2) Кровь помнит и знает все так же, как помнит и знает камень, кость, дерево, зверь, стихии (архетипическая концептосфера).
3) Я способен вспомнить и воссоздать все, потому что я сам есть миф и реальность, слово и поэзия, жизнь и смерть, дух и любовь (ментальная концептосфера).
Эти три (и иные
— их много) концептосферы объединяются в одну: поэзия; она всюду, и она больше всего на свете. Поэзия есть связь физического и метафизического (сверхфизического, предфизического, постфизического), или — поэзия интерфизична, как душа, сознание, язык и все, что порождается взаимосвязью этих сущностей. Мысль непростая. Ее могут оценить как эзотерическую. Какая разница? — слова здесь неточны и почти бесполезны.А. Тавров замечает, что ““Норумбега”
— переворот в современной поэзии. Вернее, во многом это вторжение поэзии в непоэзию…”. Если речь идет только о вербальном виде поэзии, то это, скорее всего, именно так.

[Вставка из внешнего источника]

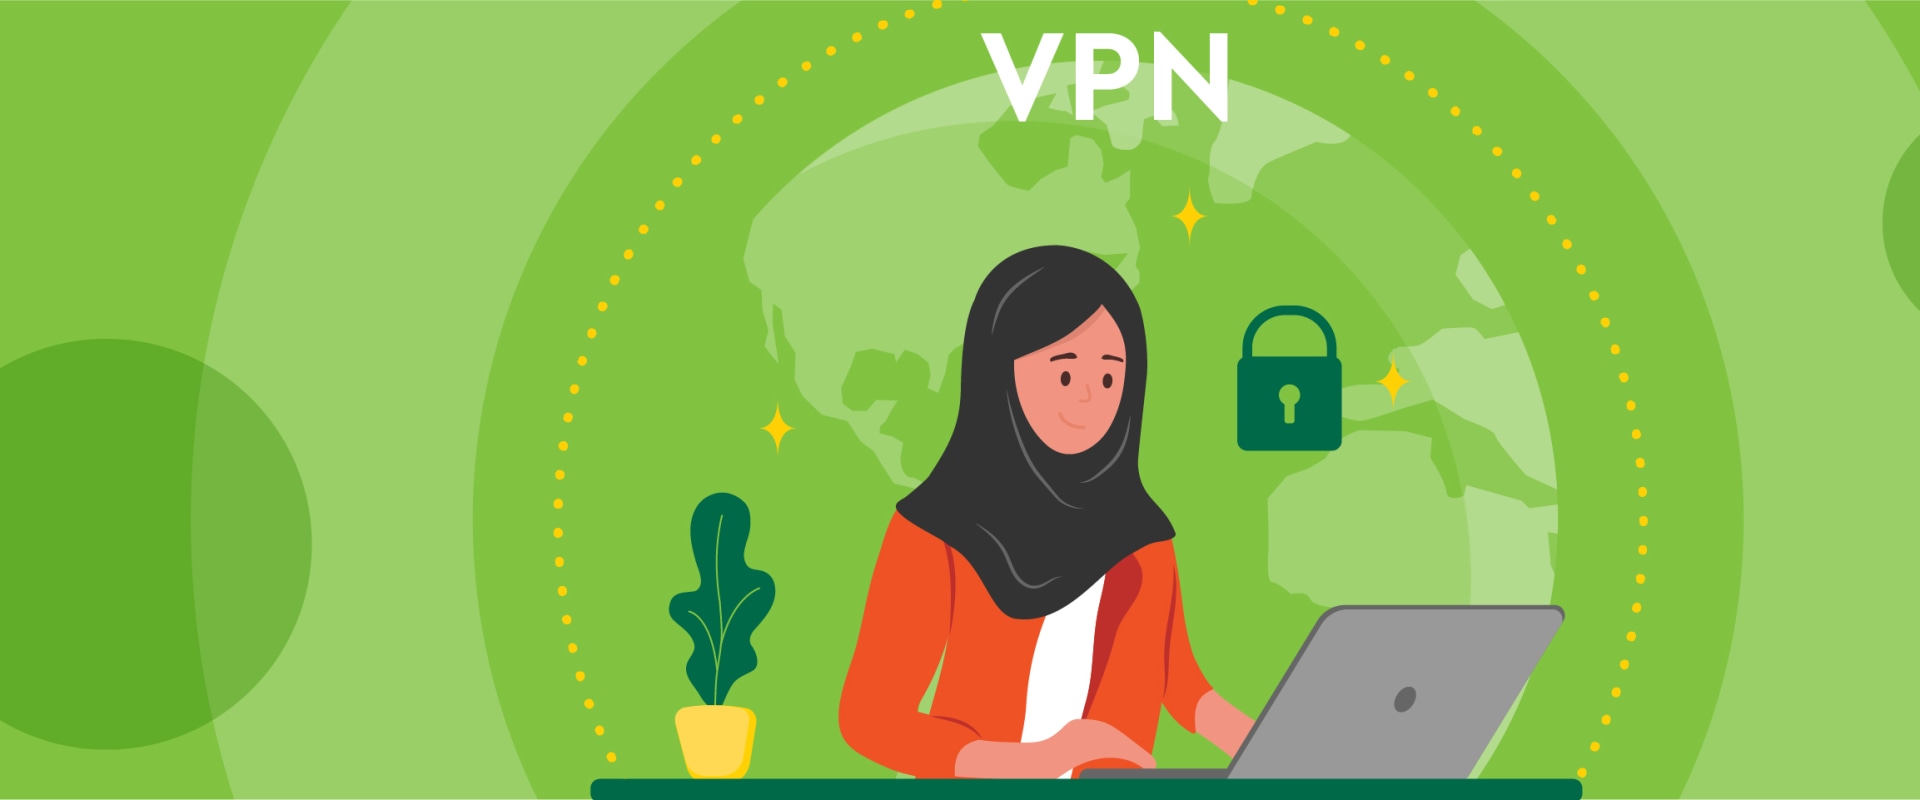 Tips for Preventing Identity Theft with a VPN

Но ежели вспомнить утверждение В.А. Жуковского о том, что Прекрасного нет, то есть его нет в мире вообще (и это при любой степени осмысленности последнего от “Принимаю тебя, принимаю” А. Блока до “На твой безумный мир / ответ один — отказ” М. Цветаевой). Думается, что Жуковский прав: и я думаю, что поэзия появляется там, где мы этого захотим. Поэзия не обязательно в ее языковом облачении и лингвистическом ограничении. Поэзия невербальная всюду: в мире, в мысли, в ощущении, в кинетике, в оптике, в звучании, в тишине и т. д. Поэзию все-таки не создают — но выжимают из языка (М. Бахтин) или извлекают ее вещество из ничего, когда ничто становится нечто. В. Месяц как раз “извлекатель”, а не “выжиматель”. Хотя и та, и другая функции не убивают друг друга (Мандельштам был одновременно и попеременно и тем, и другим). Я никогда не спорю (ни с кем) ни о жанрах, ни о методе, так как считаю, что эти форматно-функциональные категории применимы лишь в литературе, производящей продукт — текстовый продукт. Поэзия (в стихотворчестве / стихотворении, в прозе и в других языковых / текстовых поступках) — вне этих явлений. Поэзия — в Промысле: так сказалось, так говорится, так проплакалось, так вскрикнулось, так поется. В. Месяцу — так поется: от силлабо-тоники до верлибра (ритмизованного); от любви до бреда; от лепета до кошмара; от Будды до Конфуция; от индийских браминов до идеологии нефти Алексея Парщикова. Интертекстуальность — свойство вообще любого текста (ограниченное вкусом, мерой и чувством объема, то бишь талантом). “Норумбега” — интертекстуальна (внешне: чужое — текстовое) и вновь интертекстуальна (внутренне: свое в своем), и снова интер-интертекстуальна в аспектах антропопоэтическом, генетикопоэтическом и геопоэтическом (есть еще и другие, не менее важные: мнемонический, поэтологический и даже поэзиеведческий, — углубляясь в сыпучее прошлое время, В. Месяц добирается до основ двух состояний поэзии — вербального и невербального). Как это делает поэт? Вот, например, зеркальная двойчатка стихотворения и эссе “Последний огонь”.
Последний огонь
Холодом сжатый колодец тепла.
Смерчем закрученная игла.
Дым, вертикально стоящий в степи,
будто огонь на цепи.
То ли душа отлетает к луне,
цепи оставив на выжженном дне.
То ли лучи бесконечных светил
упали в зиянье могил.
Всадник, чей конь переходит на шаг,
это тебе утешительный знак,
если ты встретил в заснеженной мгле
последний огонь на земле.
Зияние огня сужается, штопается холодом, снегом, тьмой
— и душа отлетает к луне… И В. Месяц в зеркальном тексте небольшого эссе говорит уже не об огне, пылающем и зияющем, а о воспоминании об огне: история огня в антропологическом, религиозном, социальном и др. аспектах (неизменно приглашая свидетеля последнего огня к чтению Вергилия, Плутарха и т.д.). В этом случае создается не столько эффект присутствия всех рядом с умирающим огнем, но, что очень важно, воспроизводится, воссоздается память об огне, память в огне и память огня: вот — свеча, горящая меж двух зеркал…Геопоэтика, хронопоэтика, мнемопоэтика, генопоэтика, вообще и в целом полипоэтика (поэтика множественная, “шаровая”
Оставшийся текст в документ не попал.